BEGIN Raw data
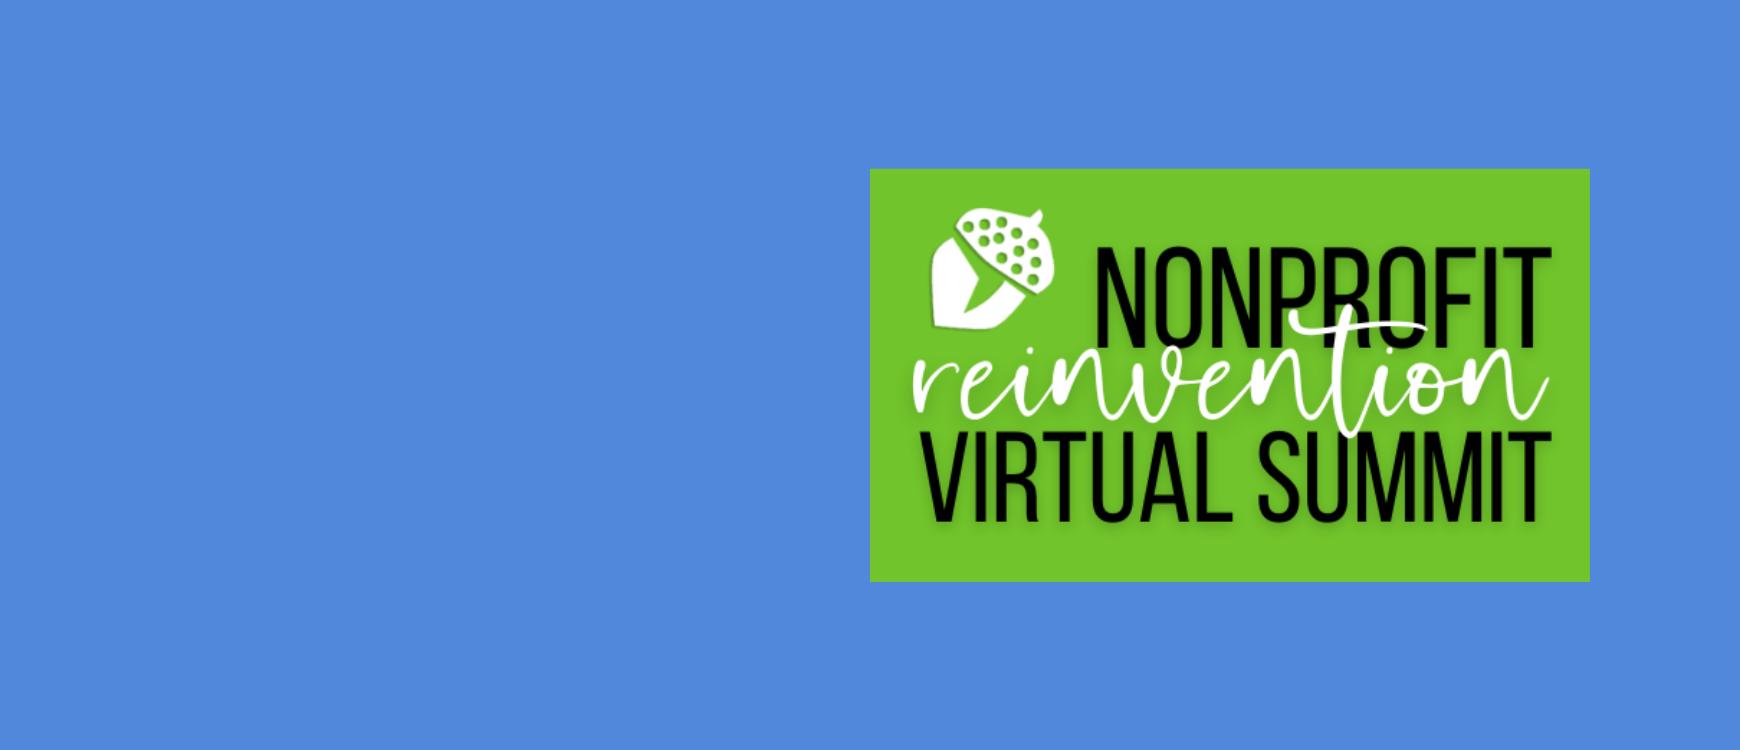 2020 Nonprofit Reinvention Summit - join us virtually!
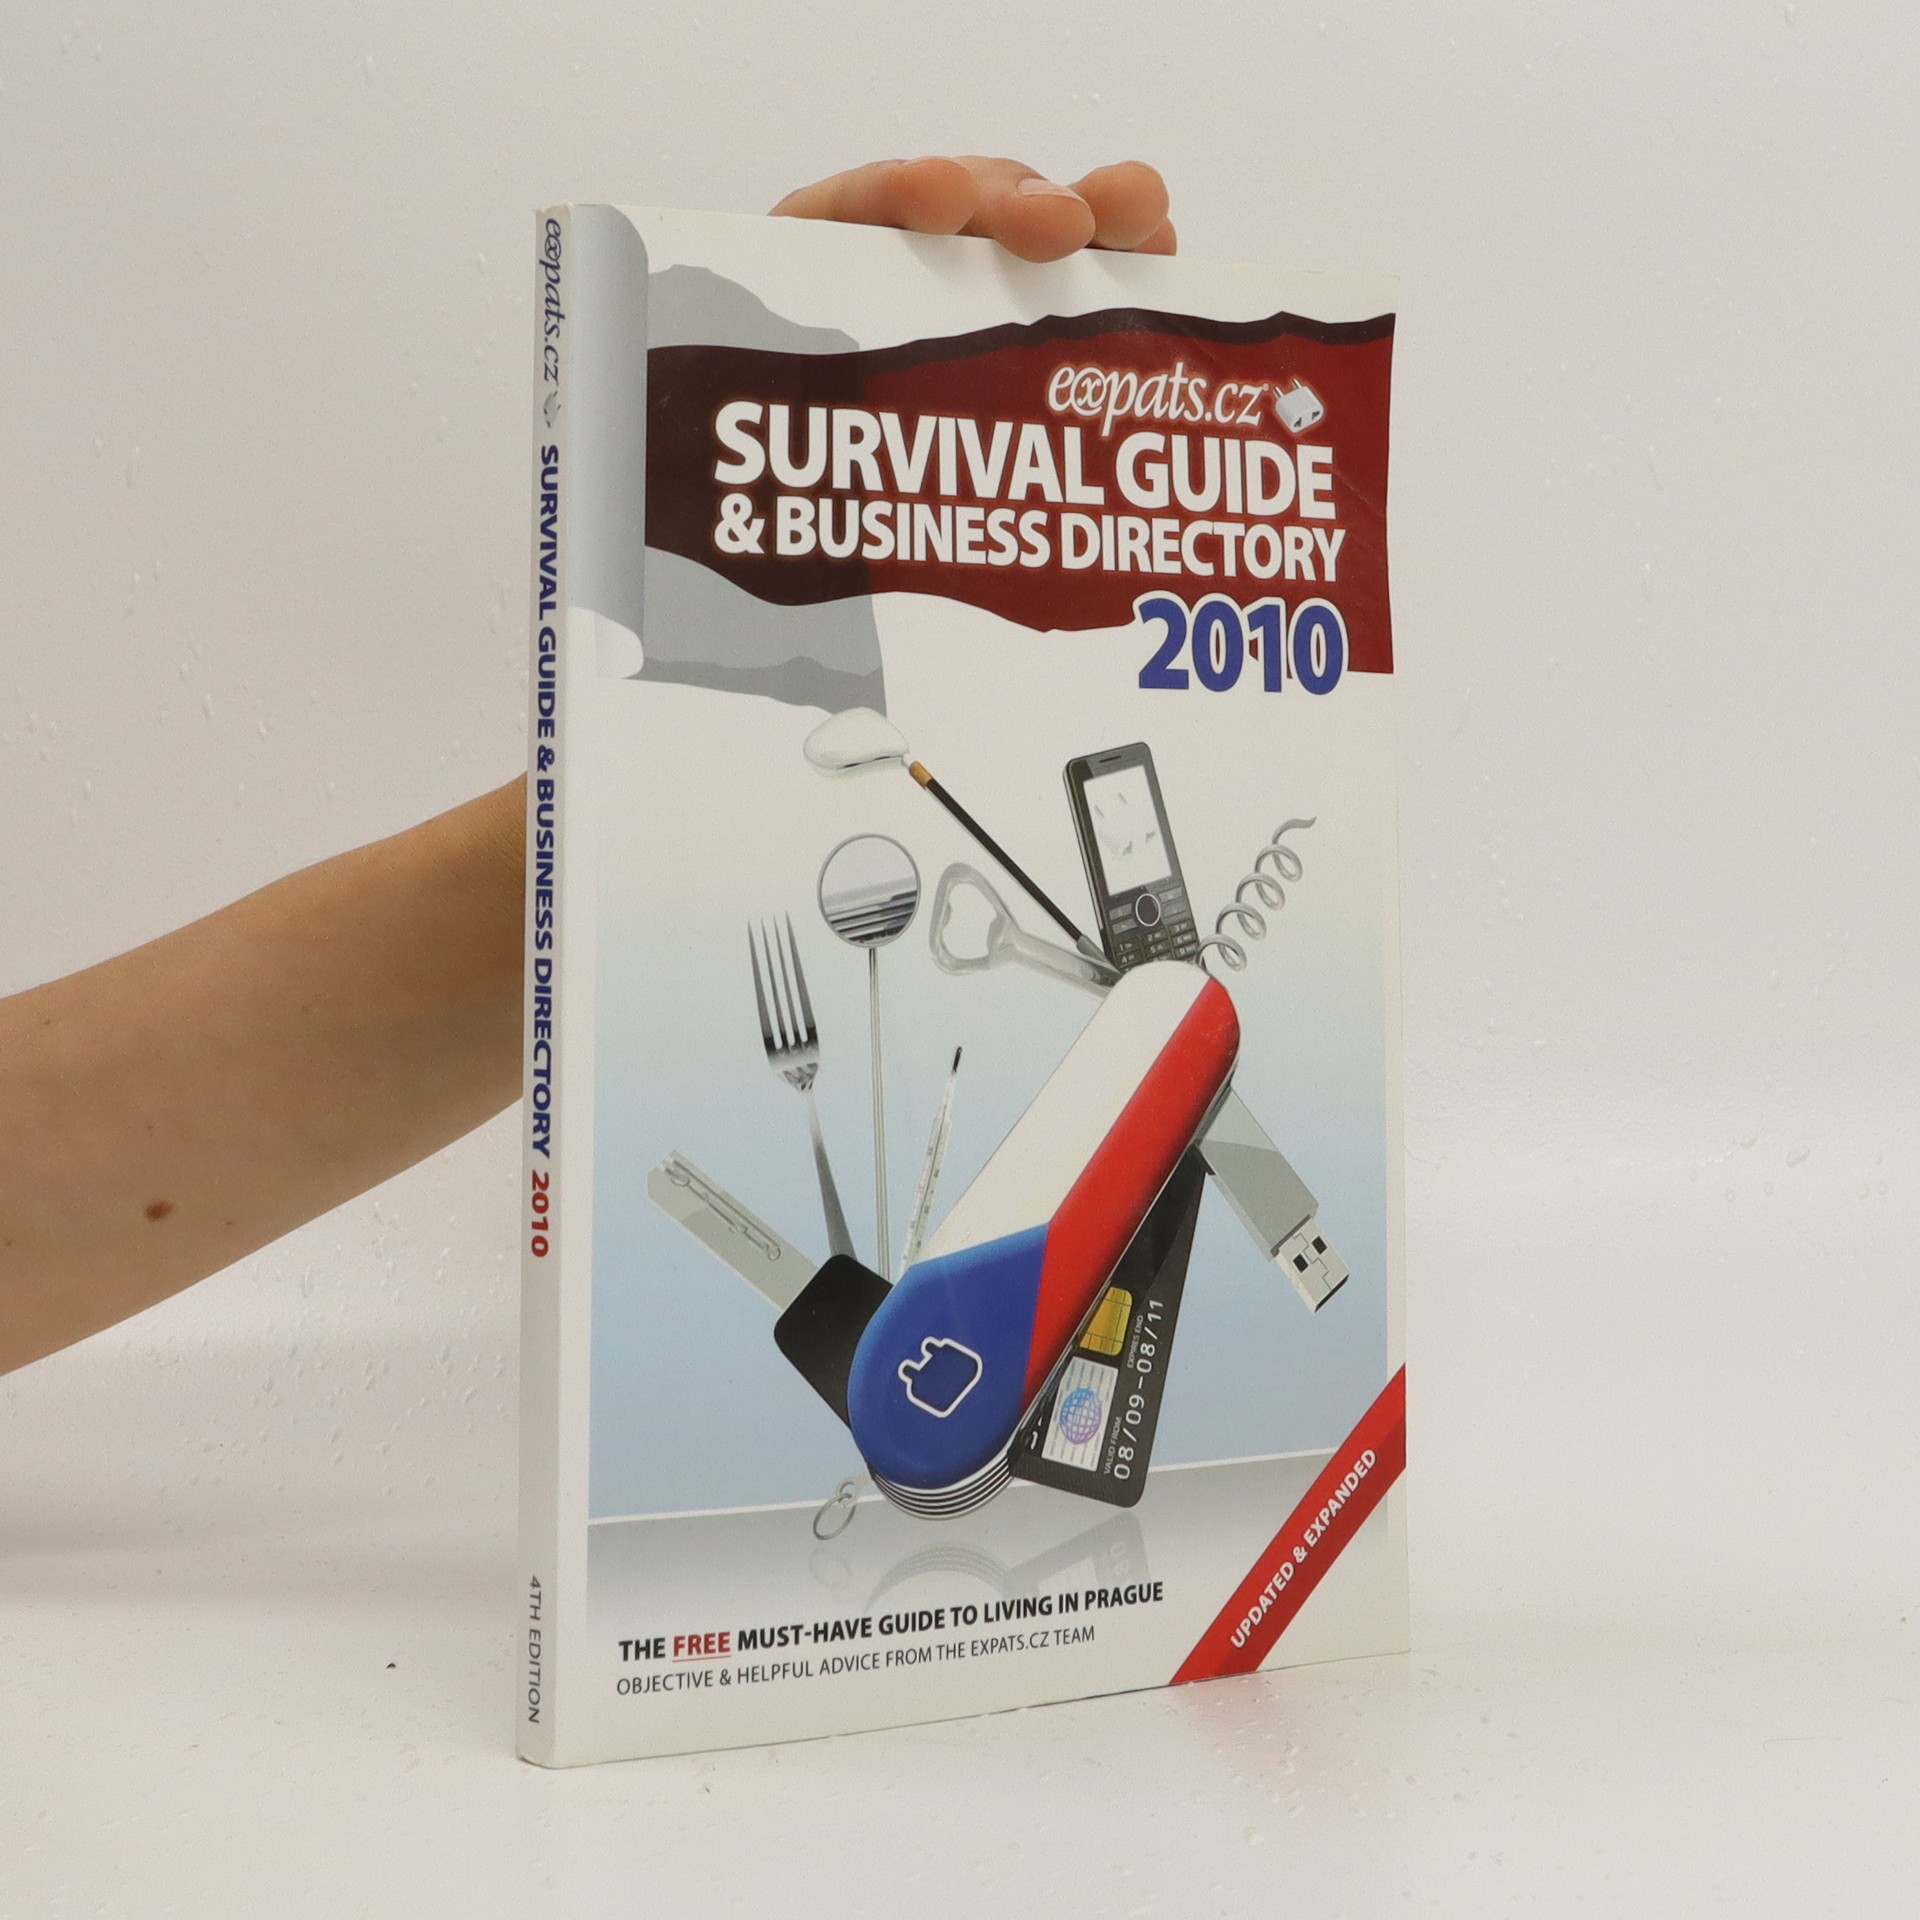 antikvární kniha Survival guide and business directory 2010, neuveden
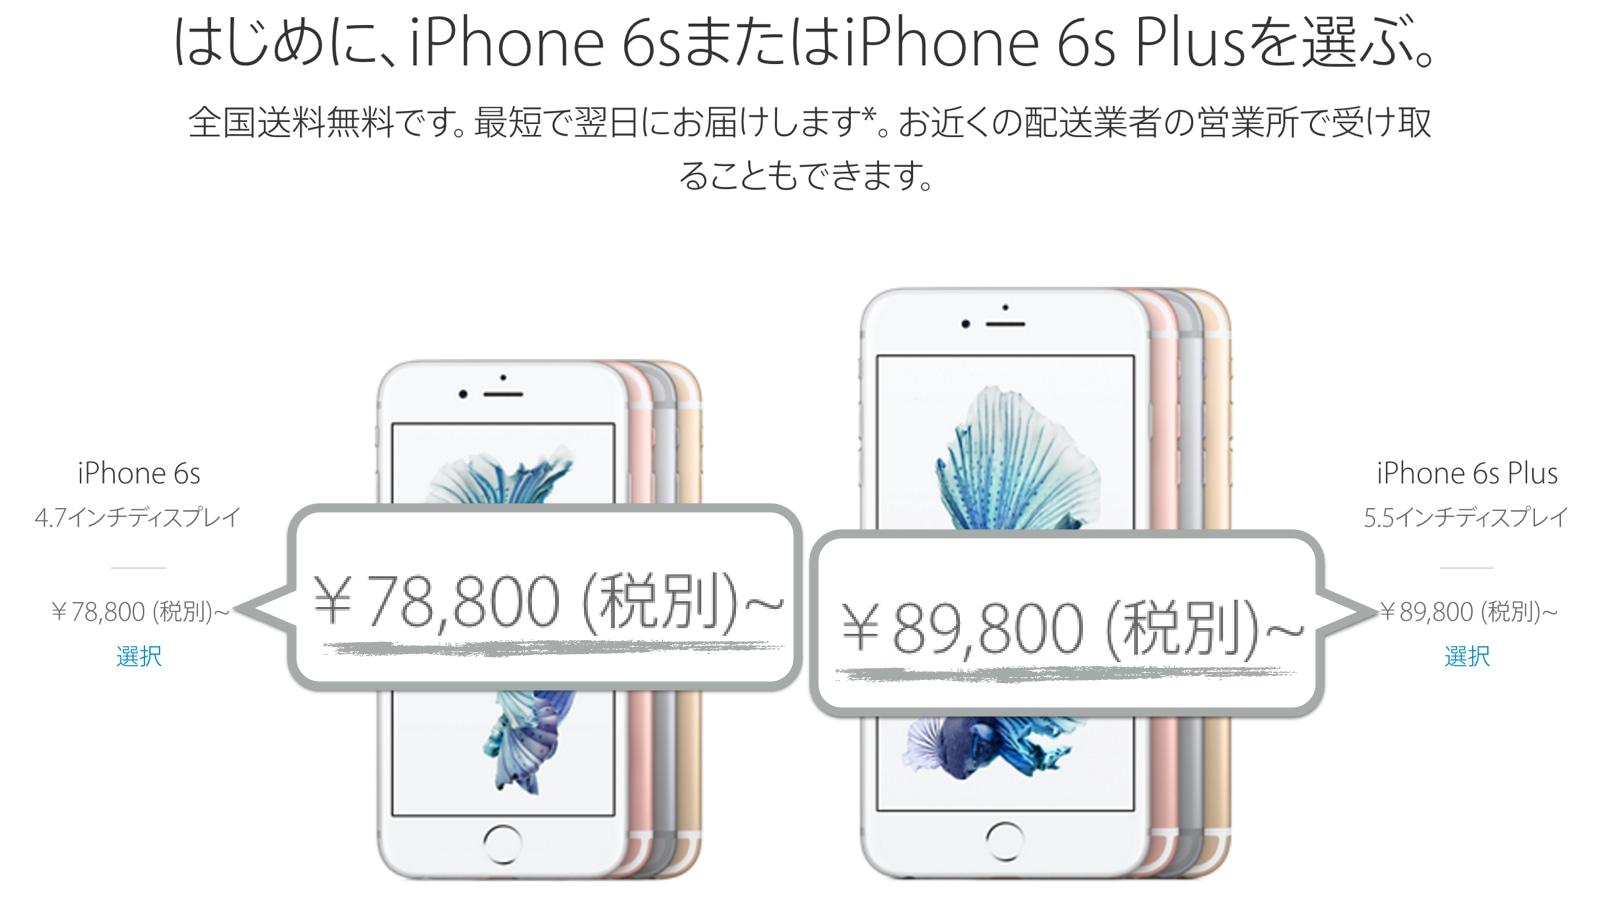 mvno-iphone5c-6s-apple-price
END Raw data
- [Exercise aim] Your copy should hold only the lines from the line with "antikvární kniha Survival" through the end of the data above, both ends included, transcribed exactly and without pictures.

- [Final answer]
 antikvární kniha Survival guide and business directory 2010, neuveden
 mvno-iphone5c-6s-apple-price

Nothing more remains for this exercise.